Forrester Not Losing With Class
I would have prefered something along the lines of the classic post election analysis, “The people have spoken — the bastards”. Instead, it looks like Doug Forrester is trying to spin his Election Day flop as the fault of George Bush [Forrester says Bush troubles became his own]. Sorry, Doug. I’m not buying that.
Just as a reminder, the last NJ governor’s election took place in 2001, two months after the terrorist attacks on the WTC and Pentagon, when Bush had approval ratings over 80%. Even then democrats did the same as they did last week, winning the Virginia and New Jersey governor’s race. Forrester certainly had a tough chore, starting the race twenty points behind Corzine, and the democrats having a huge fundraising advantage in a state where democrats and independents outnumber republicans 2 to 1.
But Forrester did nothing to inspire republican voters, who in my opinion decided to sit this one out. As I wrote last week, Bush got 1.6 million votes last November, while Forrester got a bit over 900,000. Where did those extra Bush voters go?? They didn’t vote for Corzine and only a handful may have voted third party. The rest stayed home. Get out the vote efforts are difficult, they take a lot of organization and a lot of energy. Forrester took the easy route, running lots of ads late in the race and relying on those annoying pre-recorded phone messages during the week before the election.

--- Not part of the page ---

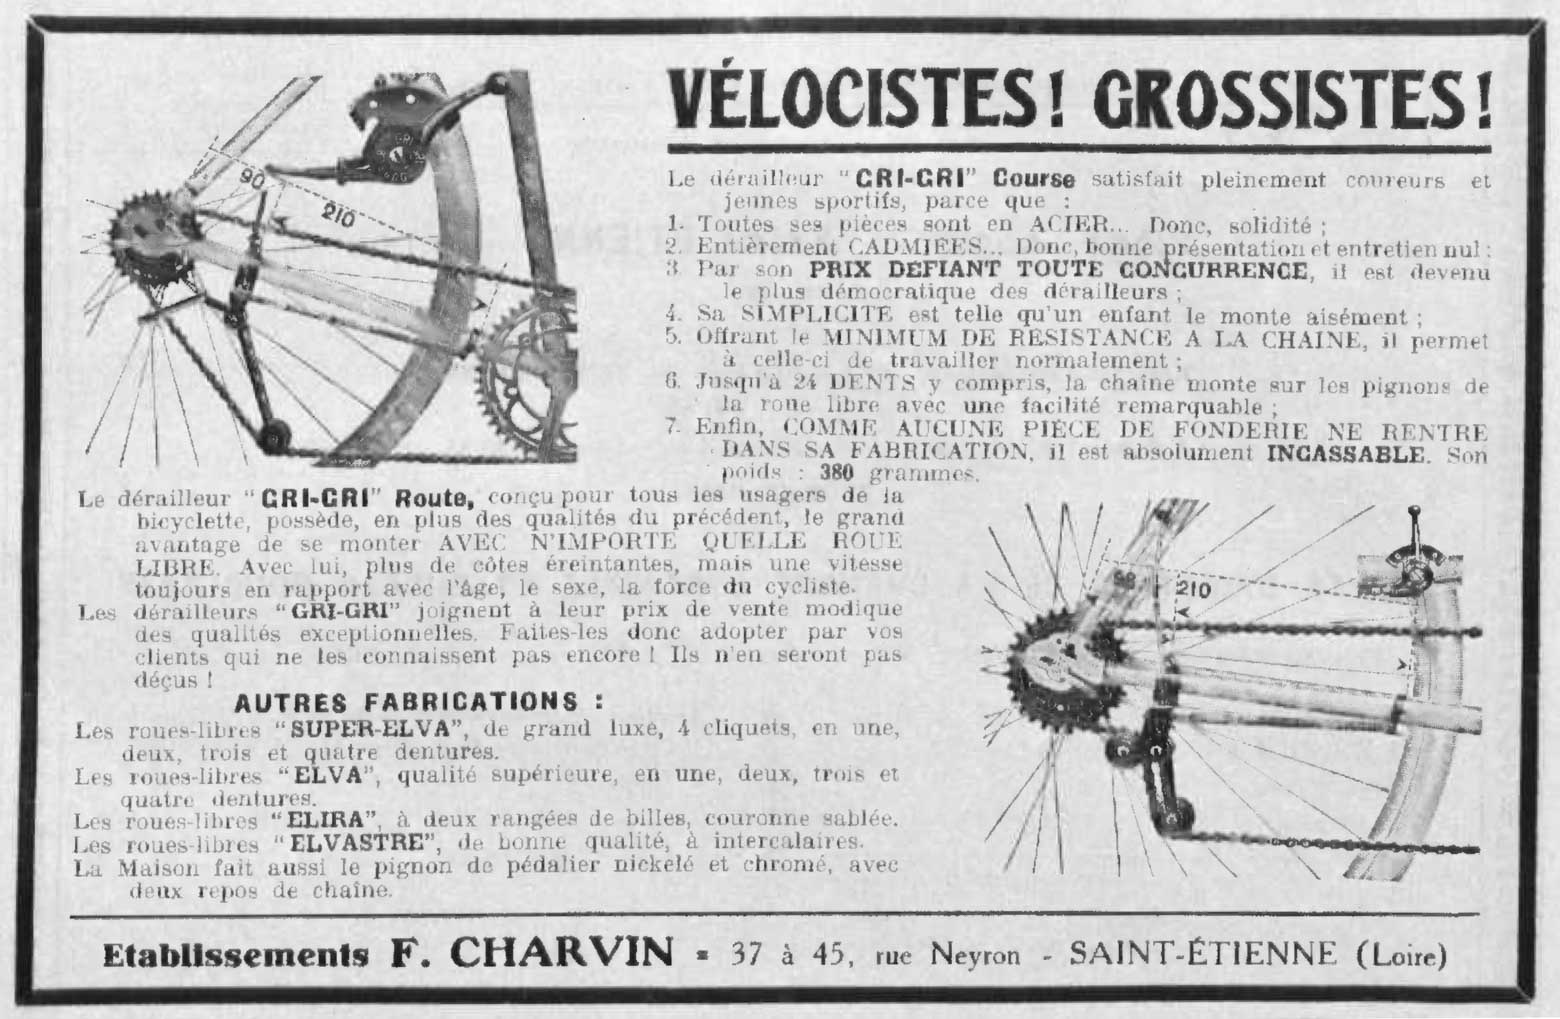 L'Industrie des Cycles et Automobiles March 1936 - Charvin advert main image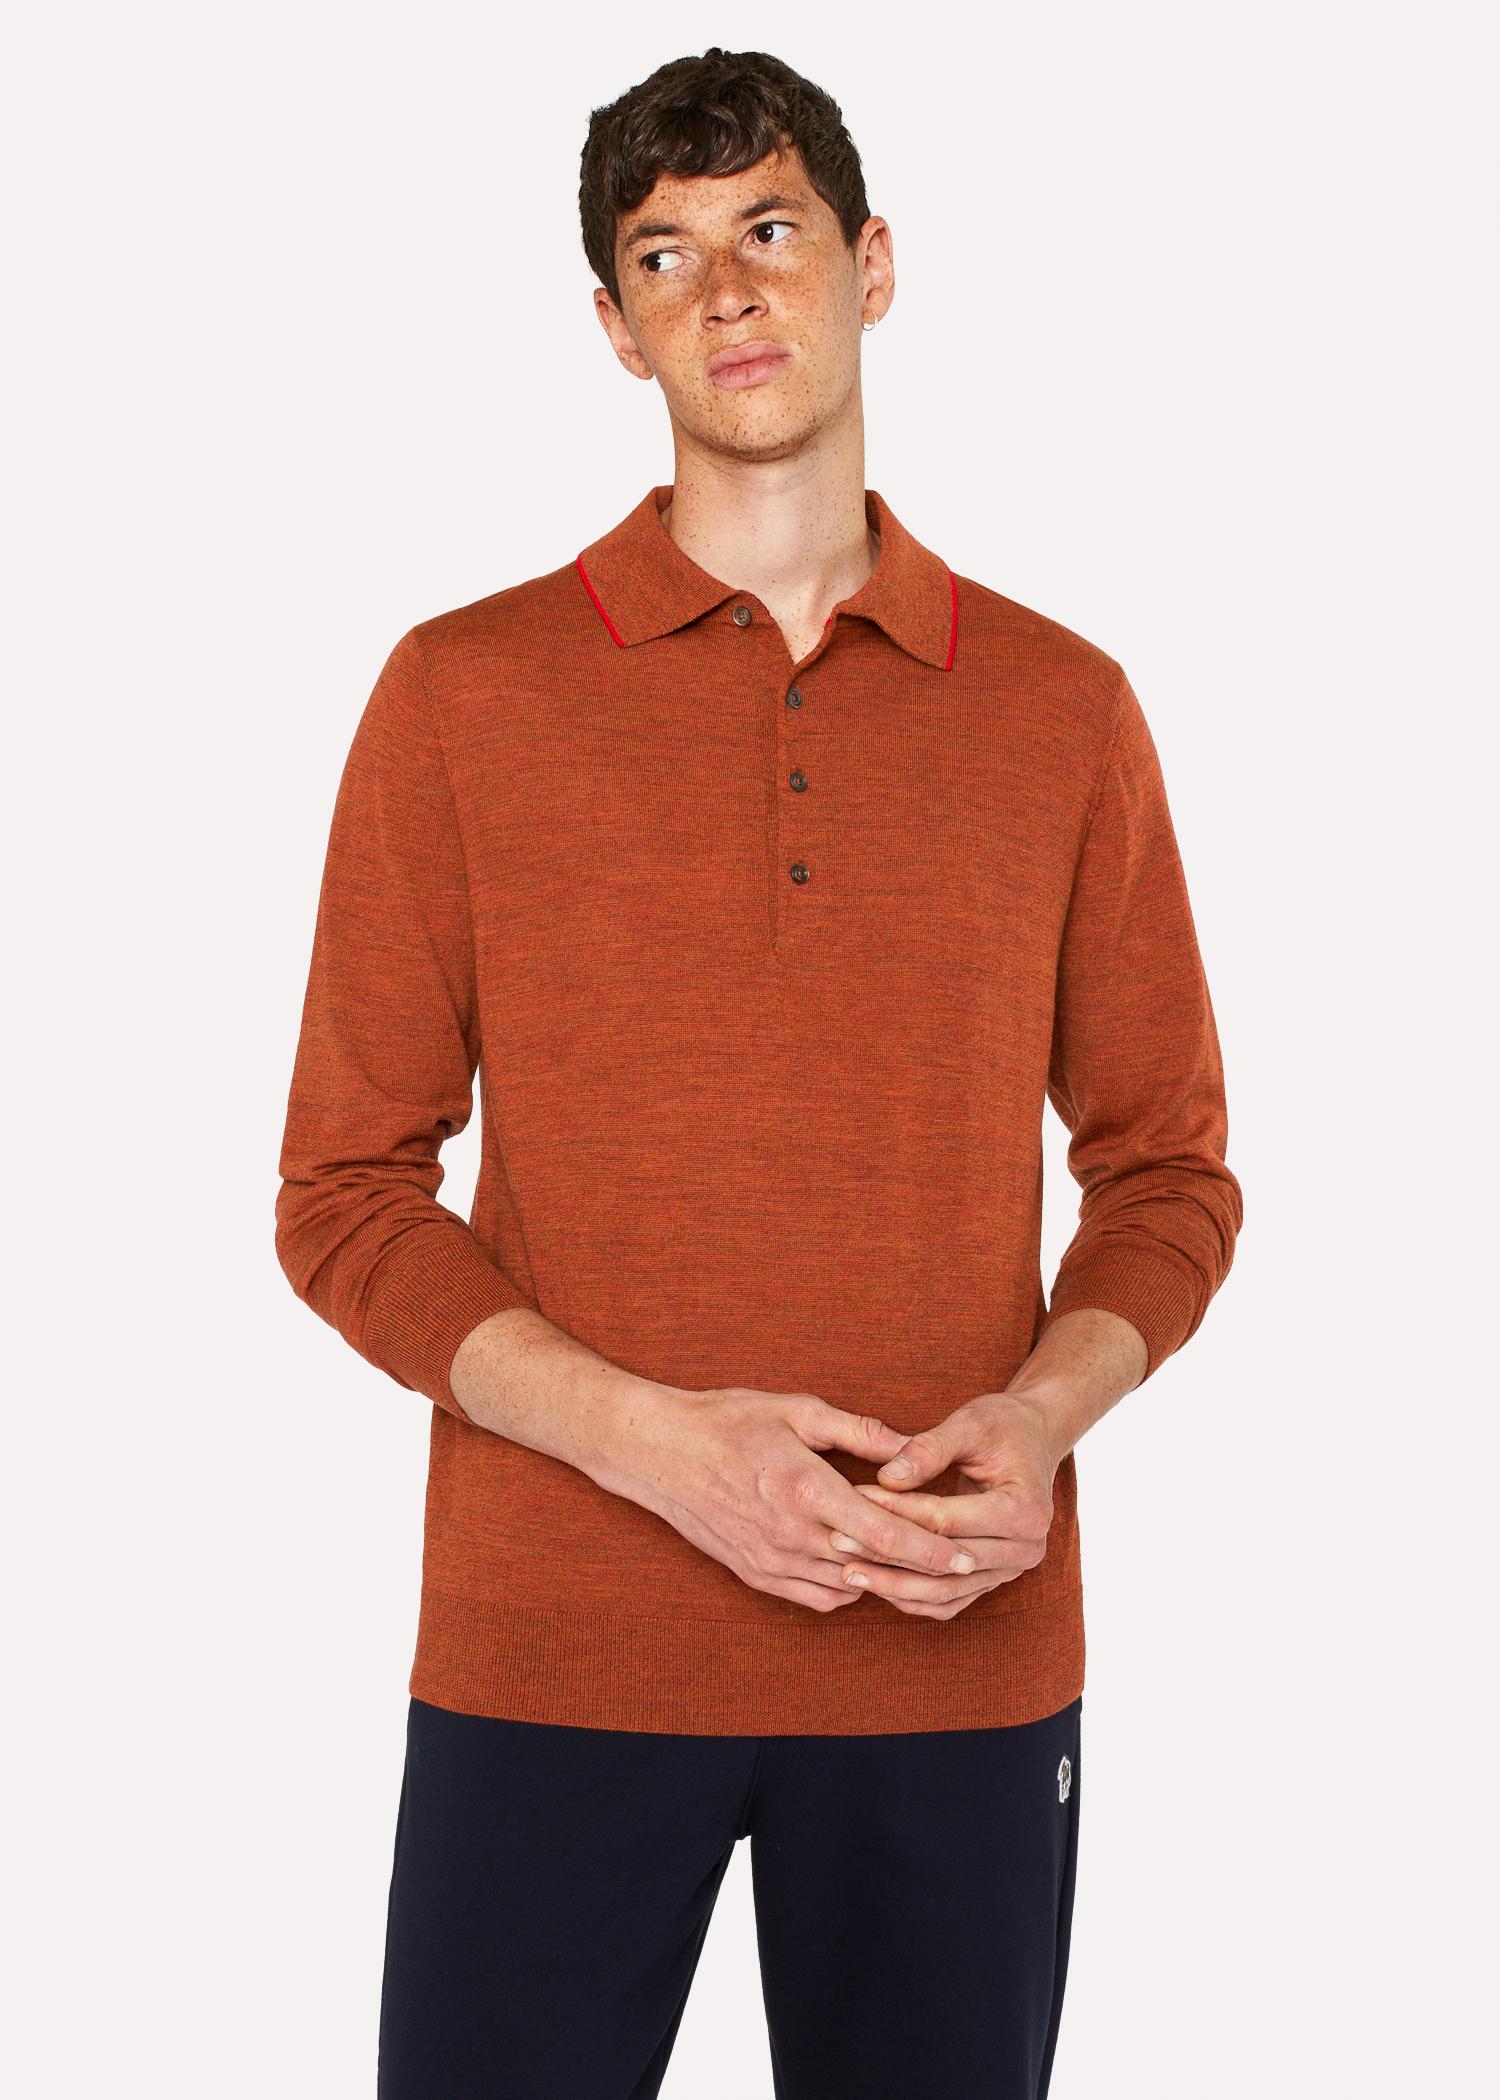 Paul Smith Burnt Orange Merino Wool Long-sleeve Polo Shirt for Men - Lyst

US News & World Report columnist Michael Barone took a pretty thorough look at all the NJ election results and felt that Corzine and Forrester pretty much did as expected [The New Jersey results]. In 2001, McGreevey got the same vote percentage as Gore in 2000, and Corzine got the same vote percentage as Kerry in 2004. Barone does note that turnout was lower in 2005 than in 2001 in the strong democrat counties of Essex, Camden and Middlesex counties, but Corzine still did well indicating that the union fueled get out the vote efforts succeeded.